» **Task description**: Type the listing below out again exactly. No images.

» **Provided data**:
_ _ _ _ _
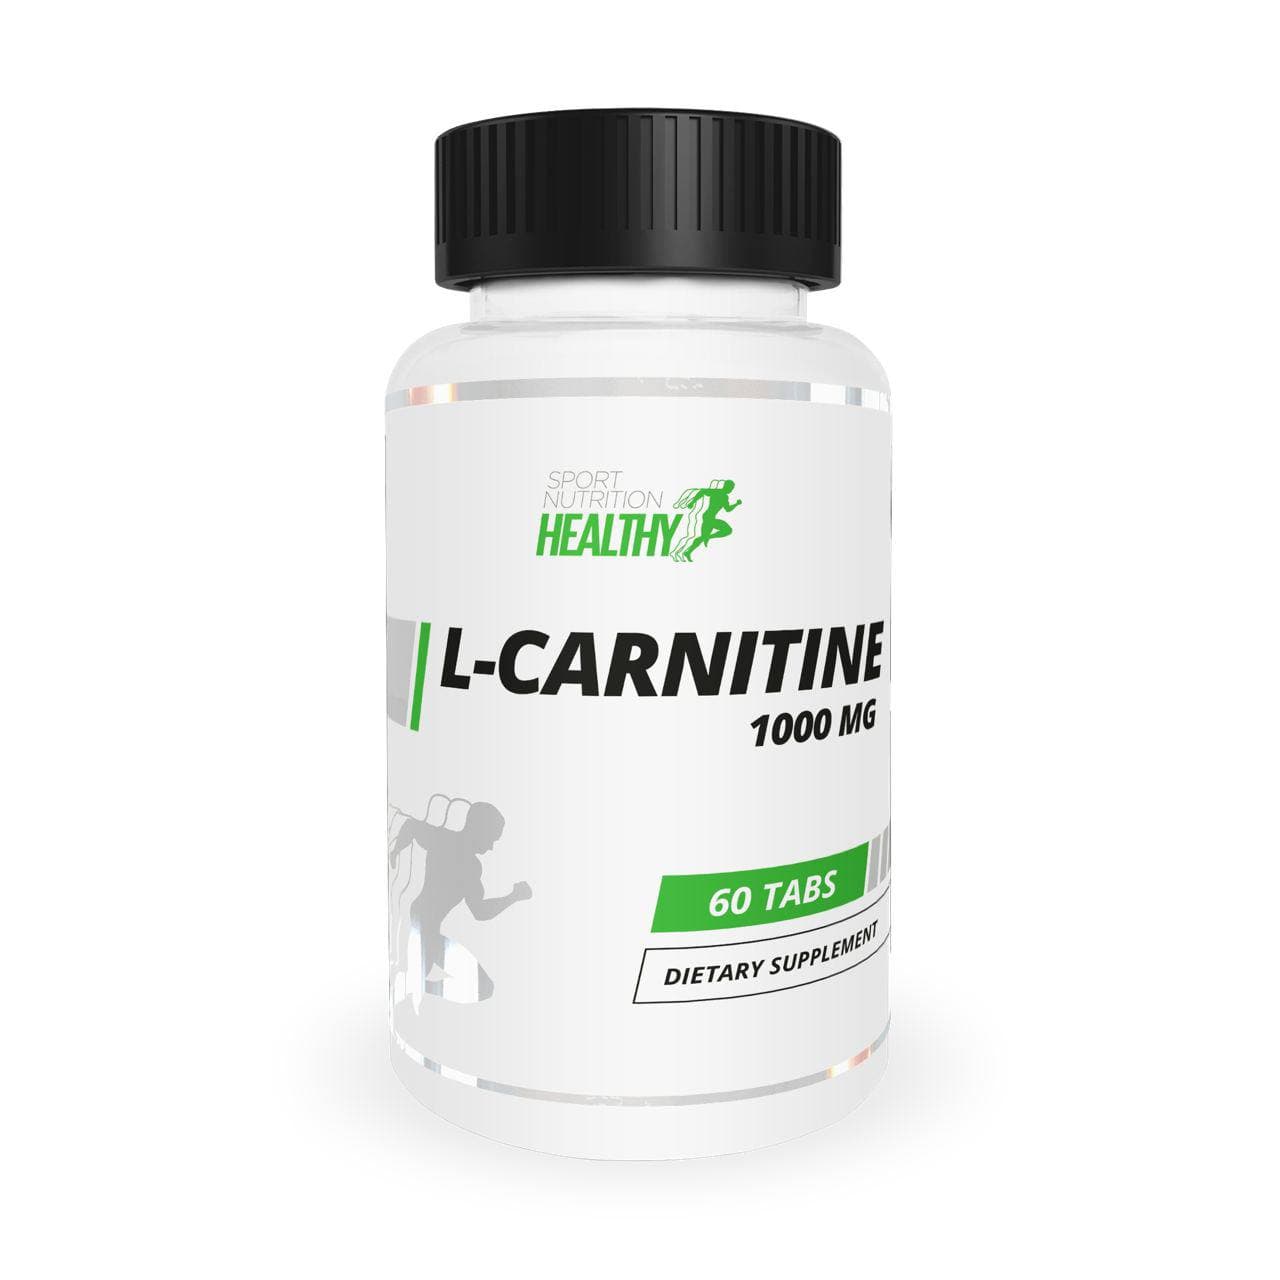 Жиросжигатель Healthy by MST L-Carnitine 1000 mg, 60 таблеток,  ml, MST Nutrition. Fat Burner. Weight Loss Fat burning 
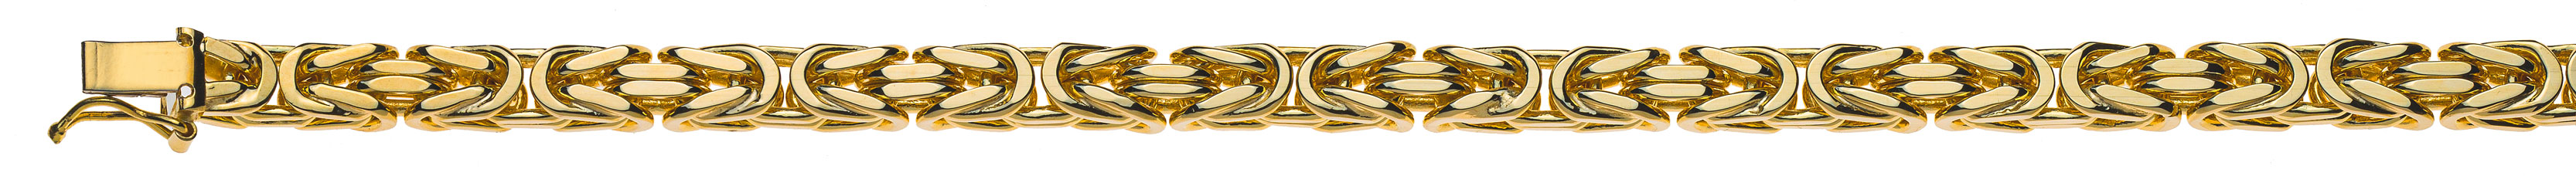 AURONOS Prestige Necklace yellow gold 18K king chain 45cm 5mm
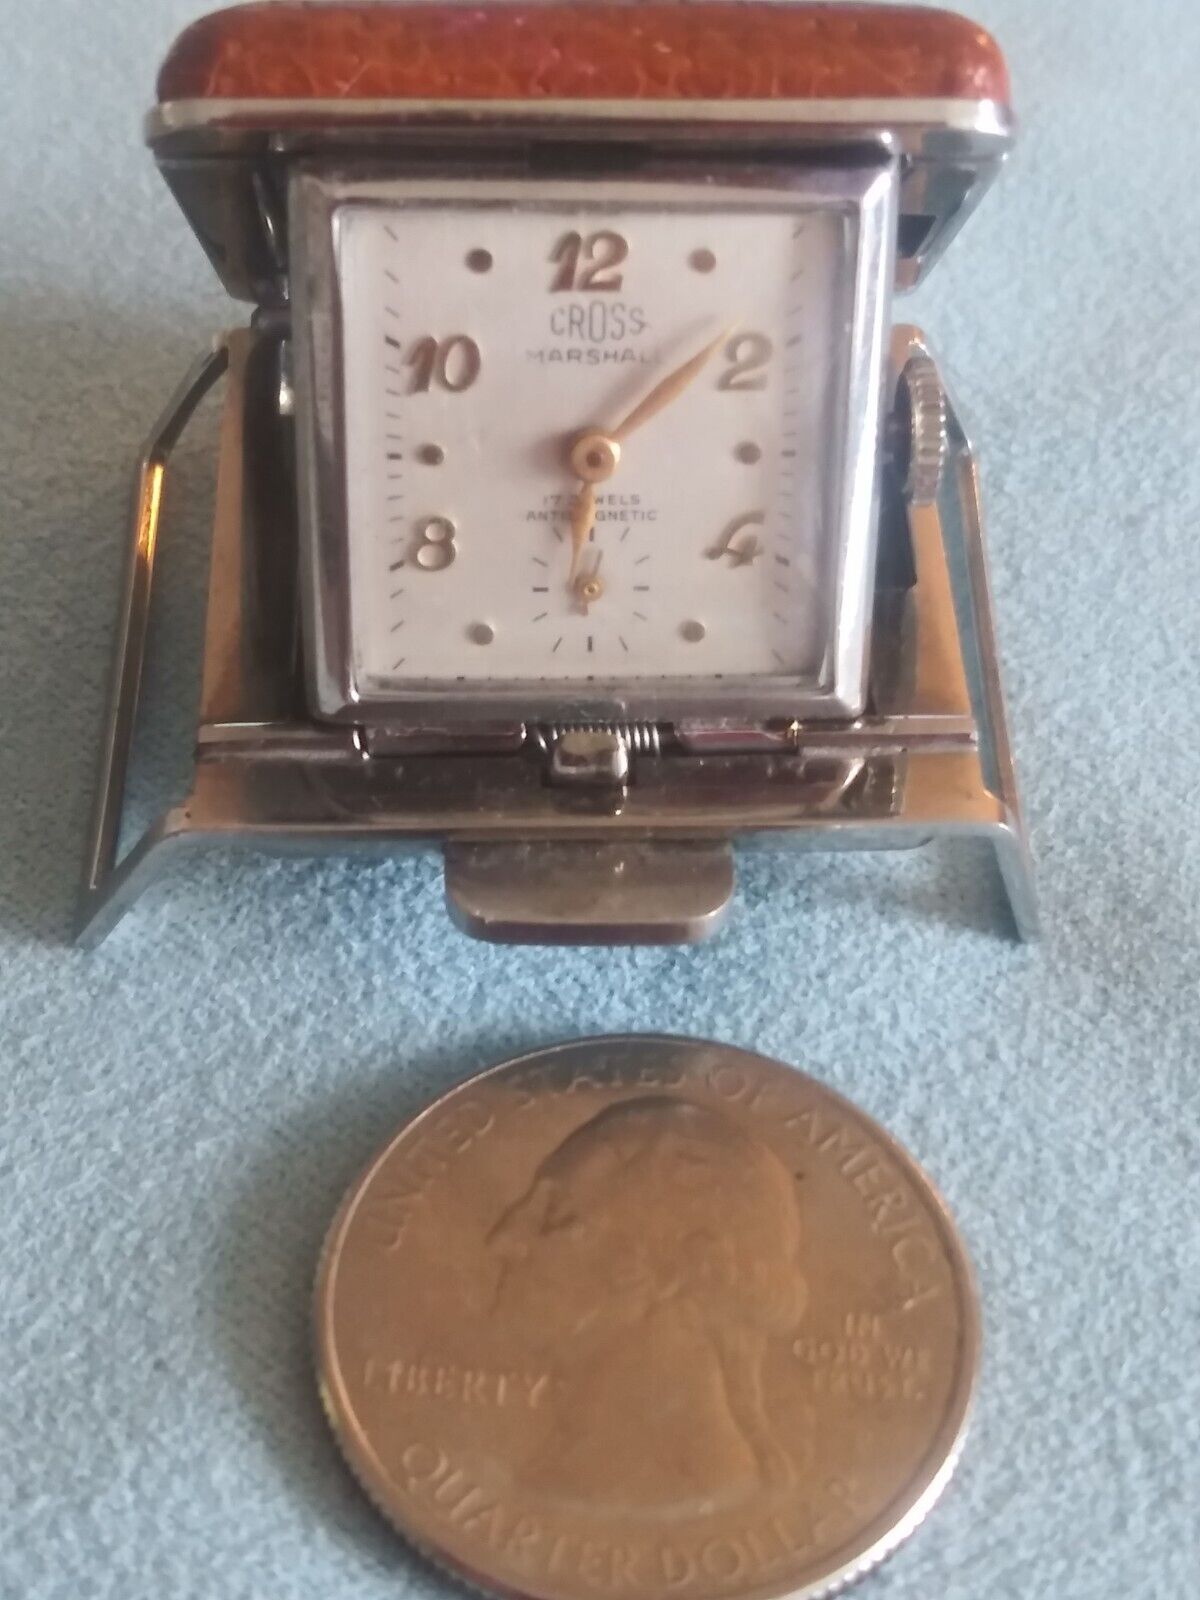 Miniature Vintage Cross-marshall Golf Handwind Watch. Very Rare.
_ _ _ _ _
» **Response to the exercise**:
 Жиросжигатель Healthy by MST L-Carnitine 1000 mg, 60 таблеток,  ml, MST Nutrition. Fat Burner. Weight Loss Fat burning 
 AURONOS Prestige Necklace yellow gold 18K king chain 45cm 5mm
 Miniature Vintage Cross-marshall Golf Handwind Watch. Very Rare.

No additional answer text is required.